RAIN-READY: Grazier Ben Robinson has been eagerly awaiting this weekend's  forecast rainfall.
RAIN-READY: Grazier Ben Robinson has been eagerly awaiting this weekend's forecast rainfall. Leighton Smith

Rain today means cattle cash tomorrow

EVERY time there's a decent rainfall event predicted, that's money in the bank for grazier Ben Robinson.

A sizeable rainfall event is headed our direction this weekend and lifelong local Mr Robinson, 42, has been glued to the rainfall radar, urging the heavens to pour its liquid gold upon his cattle-grazing land.

"We jump on the website and try and read the weather, it's pretty hard to do but that's what we try and do to see what's coming up,” Mr Robinson said.

"We hope to get over 100mm to 150mm, because we're north of Rocky so we're probably at the right spot, so, hopefully, we get a bit of rain.

The BOM's computer modelling shows rainfall totals in excess of 100mm are possible for parts of CQ over the next few days.
The BOM's computer modelling shows rainfall totals in excess of 100mm are possible for parts of CQ over the next few days. Frazer Pearce

He described the conditions as being dry around the region lately with the predicted rain poised to provide welcome respite.

"The last few months it's been fairly dry in the last few months, very windy, the wind's probably worse than sun - it dries the paddocks out,” Mr Robinson said.

"Hopefully this rain stops that and it will help the prices kick back in again.”

He said when a good amount of rain, in excess of 100mm falls, the cattle price "jumps 20 cents per kilogram overnight”.

"It's a very volatile market so rain's always good, it makes life easier on the farm.”

His Milman property, north of Rockhampton, was situated next to Alligator Creek and was fortunate to have irrigation access to help them through dry spells.

HUNGRY STEERS: Grazier Ben Robinson's recent purchases will eat well if we get some good rain.
HUNGRY STEERS: Grazier Ben Robinson's recent purchases will eat well if we get some good rain. Leighton Smith

"It always costs money when you've got to irrigate, it's better when it comes out of the sky.

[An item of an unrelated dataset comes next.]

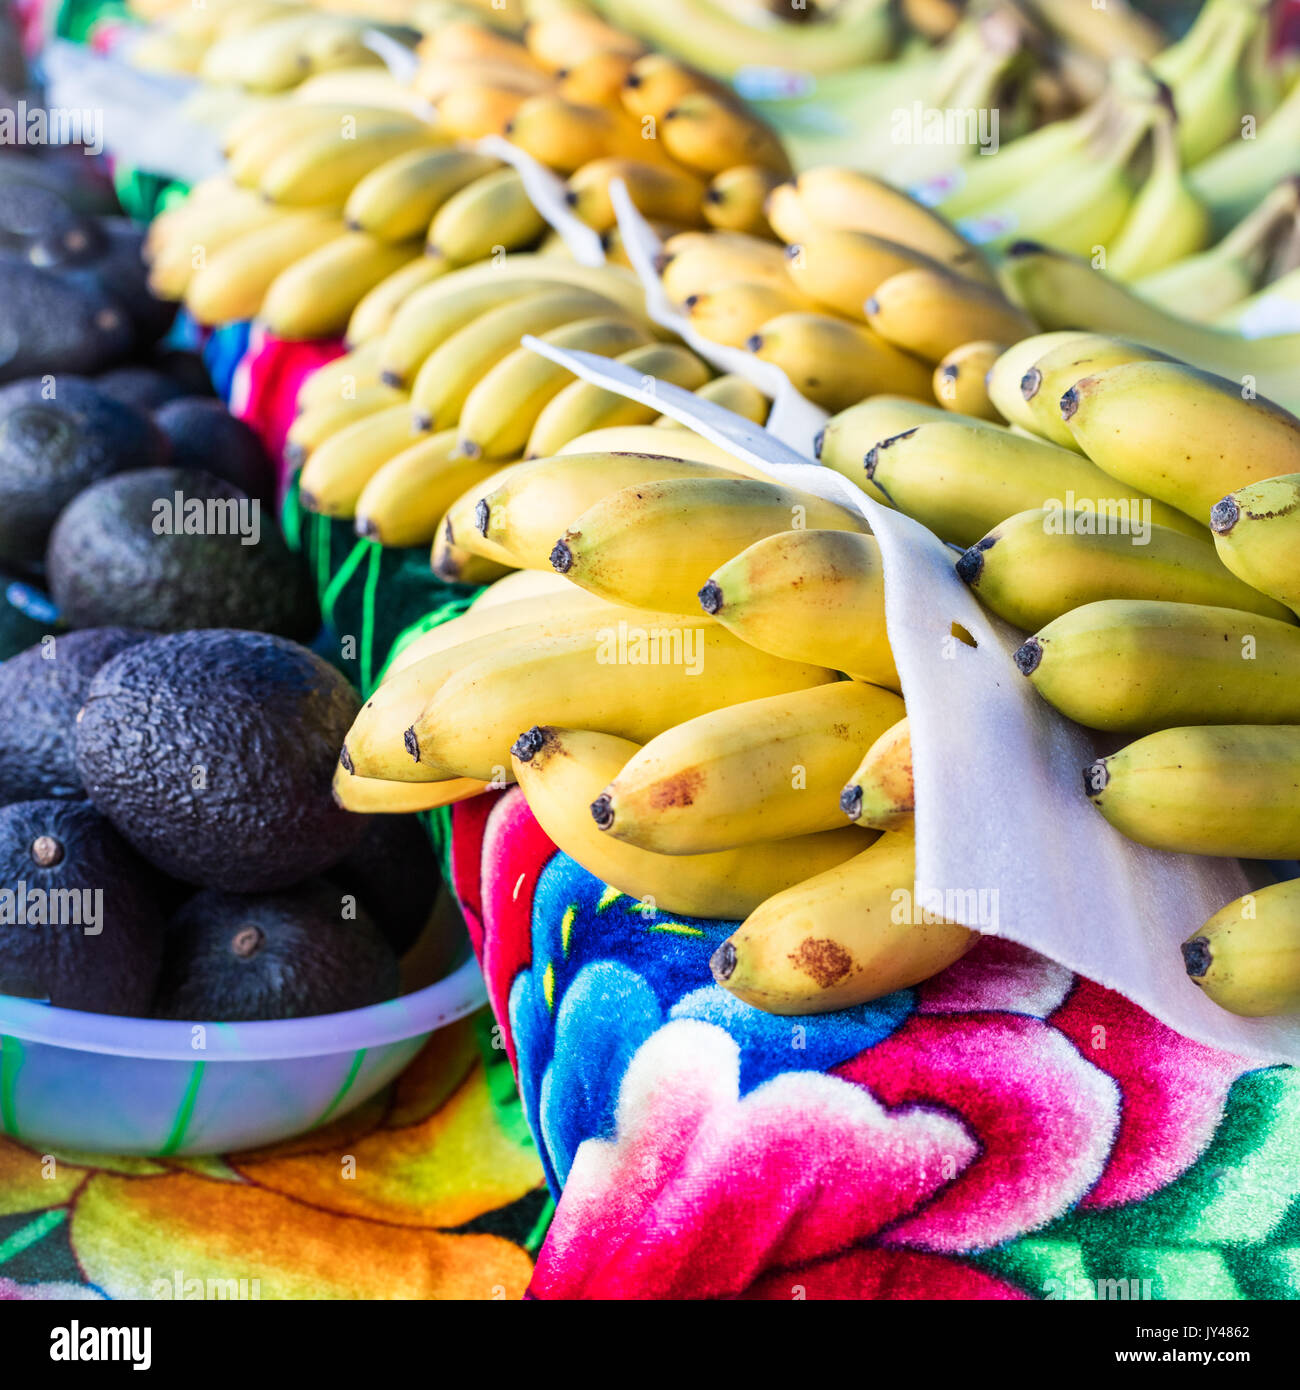 A square photo of rows of bananas and avacados at a farmers market. Stock Photo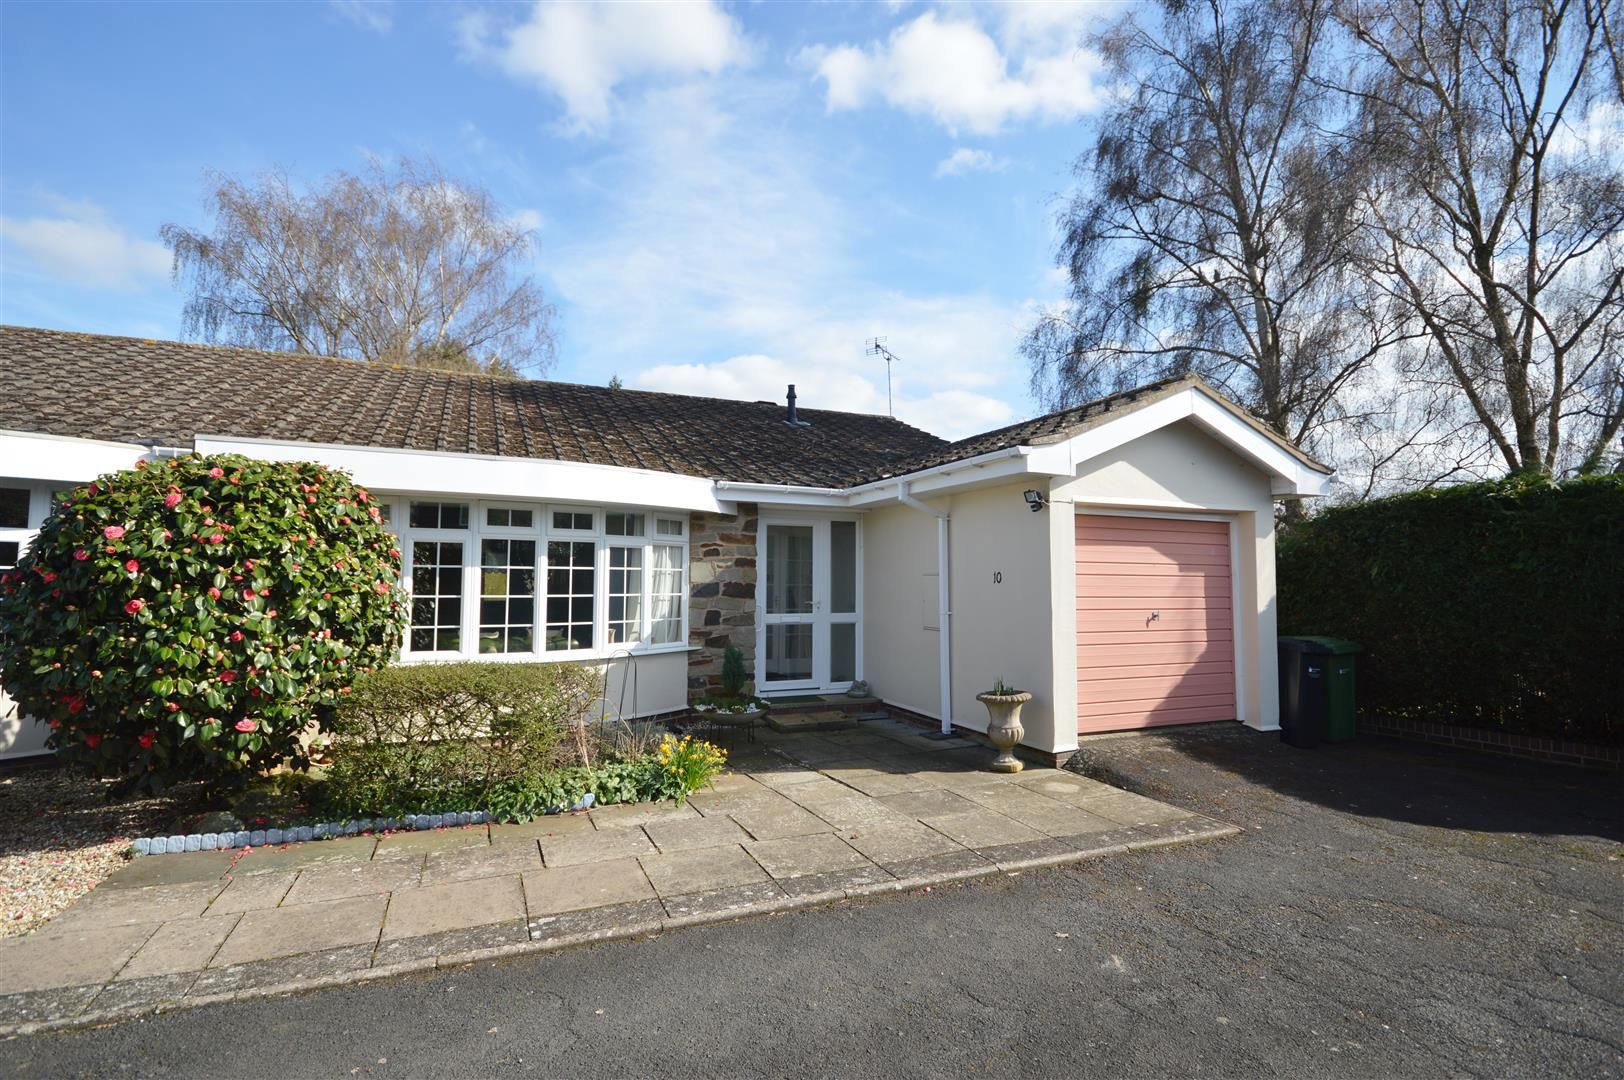 2 bed semi-detached bungalow for sale in Leominster  - Property Image 1

Despite this he said "cattle's been good, we sold cattle the first sale back after Christmas and got really good money for them.

"We're just out here to buy a few more and fatten them and turn back through the sale.”

Standing proudly next to his recently purchased 16 skinny black steers at the Central Queensland Livestock Exchange yesterday, Mr Robinson said the rain would greatly assist his 90-day plan to fatten up the beasts before reselling them (hopefully) for a tidy profit.